Oct 02

# Theory behind Doppler frequency shift

Doppler frequency shift plays a major part in wireless communications, radar and many other systems. Sometimes Doppler shift is useful, like in radar detection systems, but sometimes it’s harmful, like in mobile wireless communications systems. Calculating the Doppler shift is very trivial.

$f_{Doppler} = \left(\frac{v}{c}\right) f_{T}$,

where v is the relative speed between transmitter and receiver, and the c is the speed of light, which is the speed the electromagnetic waves travel.

But why exactly do we see this frequency shift? What is the theory behind it? This is something we often take for granted and not pay much attention to. Actually, there isn’t much in to it. In reality there is actually no frequency shift. The frequency is the same. So what is it then? It’s all in the definition of frequency. Frequency is defined as:

$f = \frac{1}{2\pi} \frac{d\phi}{d t}$,

where $phi$ is the phase change. Therefore, frequency is the rate of change of phase. Then we divide by a scalar value to normalize for the angular phase. So how can we derive Doppler frequency from this? Take look at the picture below.

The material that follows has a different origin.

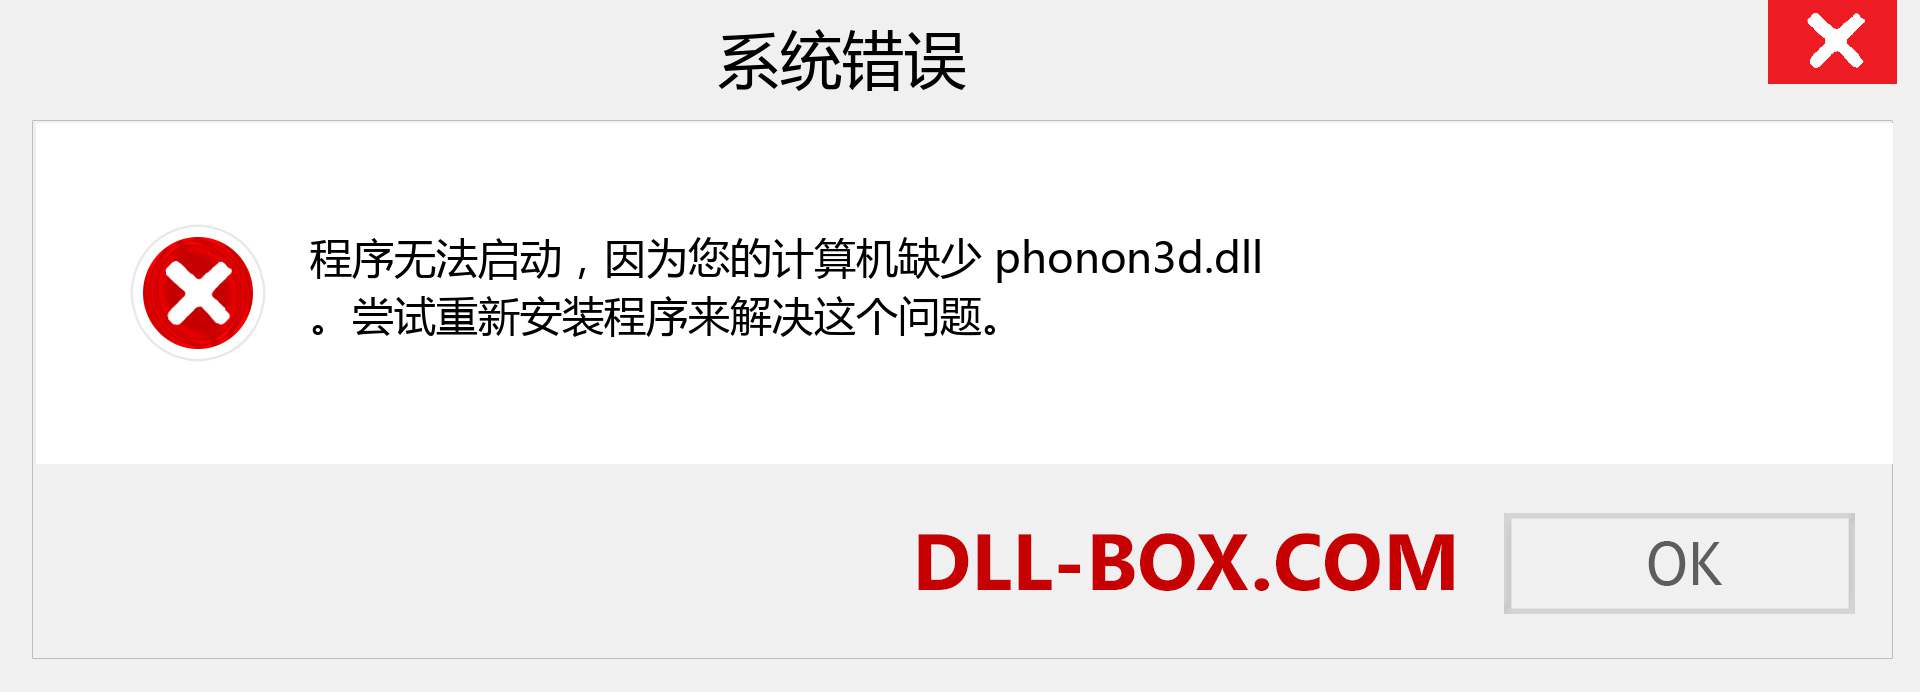 phonon3d.dll 文件丢失？。 适用于 Windows 7、8、10 的下载 - 修复 Windows、照片、图像上的 phonon3d dll 丢失错误

Here’s the situation. A person is shouting with a constant frequency of $f_THz$. This is heard by another person at some distant. Since both of them are stationary, the sound wave travels at a speed of c m/s, the speed of light. Now consider the distance this wave traveled in t seconds past the listener:

$R = ct$

Now we want to find out the frequency at which this sound wave was received at the receiver. So to find the rate of change of phase, we need to find how much phase changed during this t seconds it passed the listener. In a sinusoidal signal, each period is a phase change of $2pi$ (well the result is a phase difference of 0). So if we could find how many periods of the wave passed the listener in that time duration we could find the frequency. Since each period is the length of a wavelength, $lambda$, we can easily find the frequency as follows:

Number of periods passed: $P =\frac{R}{\lambda} =\frac{ct}{\lambda}$

Total phase change during this time t: $\phi = 2\pi\frac{ct}{\lambda}$

Frequency:  $f_R = \frac{1}{2\pi} \frac{d\phi}{d t} = \frac{c}{\lambda} = f_T Hz$

Final equality comes from $c=f\lambda$.

Now consider the second scenario. That person is now travelling in car while shouting at the same frequency $f_THz$. The car is travelling at a speed of v m/s. Now the sound wave travels at a speed of (c+v) m/s, it’s natural speed plus the speed of the car from which it is transmitted. Now let’s do the same calculation as earlier. Let’s calculate how many periods of this wave passed the (stationary) listener this time. Remember now the wave is travelling faster than earlier, so it must travel further than R meters in t seconds.

$R' = (c+v)t$

Number of periods passed: $P' =\frac{R'}{\lambda} =frac{(c+v)t}{\lambda}$

Total phase change during this time t: $\phi' = 2\pi\frac{(c+v)t}{\lambda}$

Frequency:  $f_{R'} = \frac{1}{2\pi} \frac{d\phi'}{d t} = \frac{(c+v)}{\lambda}$

$f_{R'} = \frac{c}{\lambda} +\frac{v}{\lambda} = f_T + v\frac{f_T}{c} = \left(1 + \frac{v}{c}\right)f_T$

This gives a Doppler frequency shift of $f_{Doppler} = \left(\frac{v}{c}\right) f_{T}$.

Remember that the sign of v changes with the relative velocity between the transmitter and the receiver, so that Doppler shift might be positive or negative. So that’s the simple theory behind Doppler frequency shift.